Corpus Size Comparison

The scale of Arabic training data has expanded dramatically across model generations. Jais-13B (August 2023) trained on 116 billion Arabic tokens — a corpus that seemed substantial at launch but has since been eclipsed multiple times. ALLaM’s training data reached 500 billion Arabic tokens through the unprecedented mobilization of 16 Saudi government entities. Falcon Arabic trained on 600 giga-tokens of Arabic, multilingual, and technical data. Jais 2 (December 2025) exceeded 600 billion Arabic tokens, making it the largest Arabic-first training dataset assembled.

These numbers, however, mask important qualitative differences. A token count alone reveals nothing about the diversity of sources, the quality of filtering, the representation of dialects, the balance between formal and informal registers, or the proportion of native versus translated content. Two corpora of identical size can produce dramatically different models depending on these qualitative dimensions.

Data Source Categories

Arabic LLM training data draws from several major categories, each with distinct characteristics.
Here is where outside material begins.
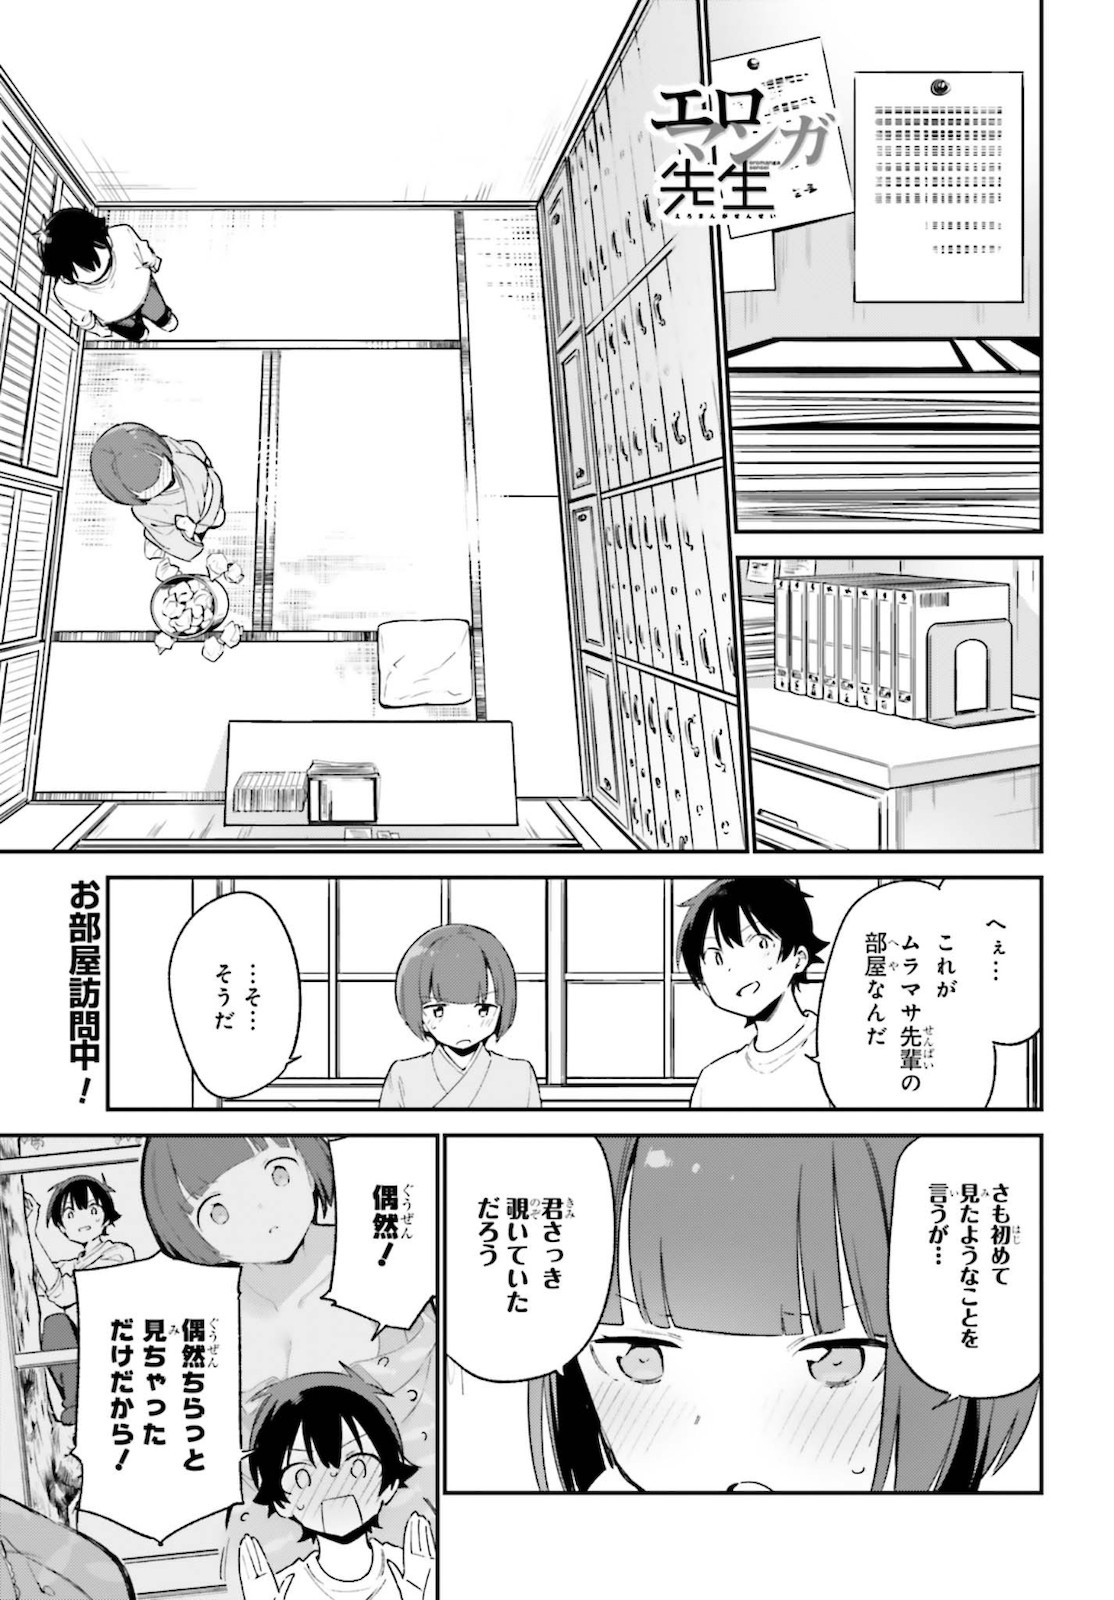 Ero Manga Sensei - Chapter 71 - Page 1

News and journalism content provides high-quality Modern Standard Arabic with broad topical coverage but limited dialectal representation and a temporal bias toward recent events. Academic and research publications offer technical vocabulary and complex reasoning patterns but represent a narrow register of formal Arabic. Government documents provide administrative and legal Arabic essential for enterprise applications but can be repetitive and formulaic. Literary texts contribute rich vocabulary, diverse narrative styles, and cultural knowledge but require careful curation to avoid bias from specific literary traditions.

Web crawl data — the largest category by volume — provides breadth but introduces quality challenges. Arabic web content includes machine-translated text from English, low-quality auto-generated content, duplicated material, and text with encoding errors that corrupt Arabic characters. The quality filtering applied to web crawl data varies significantly across model families and directly impacts model quality.

Social media and forum content provides the dialectal Arabic and informal register coverage that other sources lack. This category captures real conversational Arabic — code-switching between dialect and MSA, Arabizi representation, colloquial expressions, and contemporary cultural references. However, social media content also introduces noise, toxicity, and factual inaccuracy that require robust filtering.

Native vs. Translated Content

The distinction between native Arabic content and content translated from other languages (primarily English) has emerged as a critical quality factor for Arabic LLMs. Machine-translated Arabic, even when grammatically correct, carries systematic artifacts: unnatural word order, literal translations of English idioms, incorrect collocation patterns, and a general “flatness” that Arabic speakers recognize immediately.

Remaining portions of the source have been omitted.